0.2 ml of the E. coli library cells were resuspended in 0.5 ml of
LB+kan+apr+cml (Luria broth+kanamycin+apramycin+chloramphenicol)
and incubated in a shaker for 15 min at 37.degree. C., after which
the cells were mixed with the heat treated S. venezuelae spores.
The S. venezuelae-E. coli cell mixture was then centrifuged and the
pellet washed with 0.5 ml MYM once and the cell mixture was
resuspended in 1.1 ml MYM medium. Subsequently, this mixture was
spread (0.1 ml per plate) on R2-S+Trp agar (R2-S is similar to R2
medium described in Hopwood et al., 1985, without sucrose; trp is
tryptophan). After overnight growth of the mating mixture at room
temperature, antibiotics apramycin, nalidixic acid, and
chloramphenicol were overlayed to allow only the exconjugants
(recombinant clones) to grow.
[0026] c. Bioassay of exconjugants for chloramphenicol
production
[0027] After 3-4 days the exconjugants were picked and patched on a
big bioassay plate containing MYM agar+apramycin. After growth of
the recombinant clones for 3-4 days at 30.degree. C., the plate
containing the clones was overlayed with Micrococcus luteus, a
bacterium sensitive to chloramphenicol. After incubation of the
plates for 2 days at 30.degree. C., one clone (Clone 10) out of 143
clones showed a big zone of inhibition around it (FIG. 2), while
rest of the exconjugants did not show any zone of inhibition. When
clone 10 was repatched on MYM+Apr agar medium, grown and bioassayed
against M. luteus, the bioactivity was observed again.

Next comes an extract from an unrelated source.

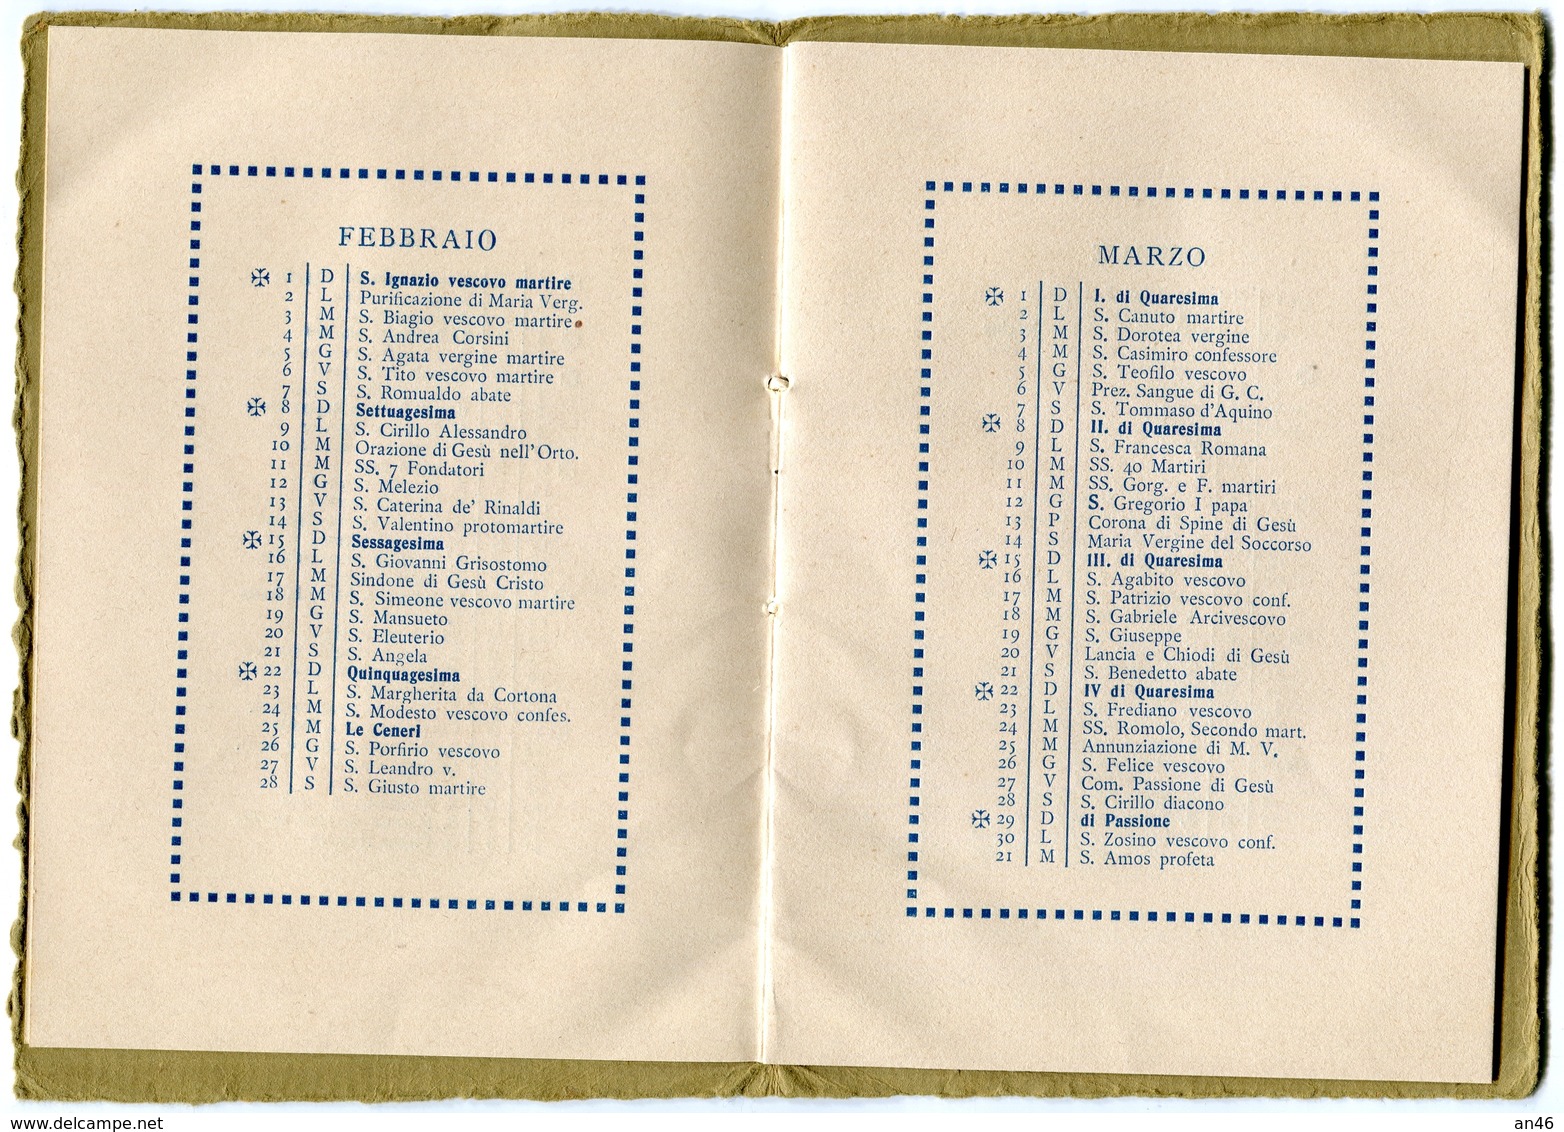 Calendario-Calendarietto-Calendrier-Kalender-Calendar-"Regia Accademia Navale 1914" Integra E Originale 100% - Formato Grande : 1901-20

[0028] d. Analysis to verify that the bioactivity in clone 10 is
due to chloramphenicol
[0029] The clone 10 was bioassayed against an E. coli ESS strain
which is which is chloramphenicol-resistant and an isogenic E. coli
ESS strain which is chloramphenicol-sensitive (the original ESS
strain was obtained from Dr. Susan Jensen, Univ. of Alberta,
Edmonton; Dr. Arnold Demain, MIT, Cambridge, and then modified at
Diversa). As shown in FIG. 2, zones of inhibition were seen only in
the case of chloramphenicol-sensitive E. coli ESS, but not in the
case of chloramphenicol-resistant E. coli ESS suggesting that the
bioactivity is due to chloramphenicol.
[0030] The second evidence that the bioactivity is due to
chloramphenicol was obtained by h.p.l.c. analysis. DS154 clone 10
along with S. venezuelae ATCC 10712 (positive control) and VS153
(negative control) strains were grown in MYM liquid culture
(apramycin added in the case of DS154 clone 10) for 3-4 days, and
the supernatant were extracted using solid phase extraction method.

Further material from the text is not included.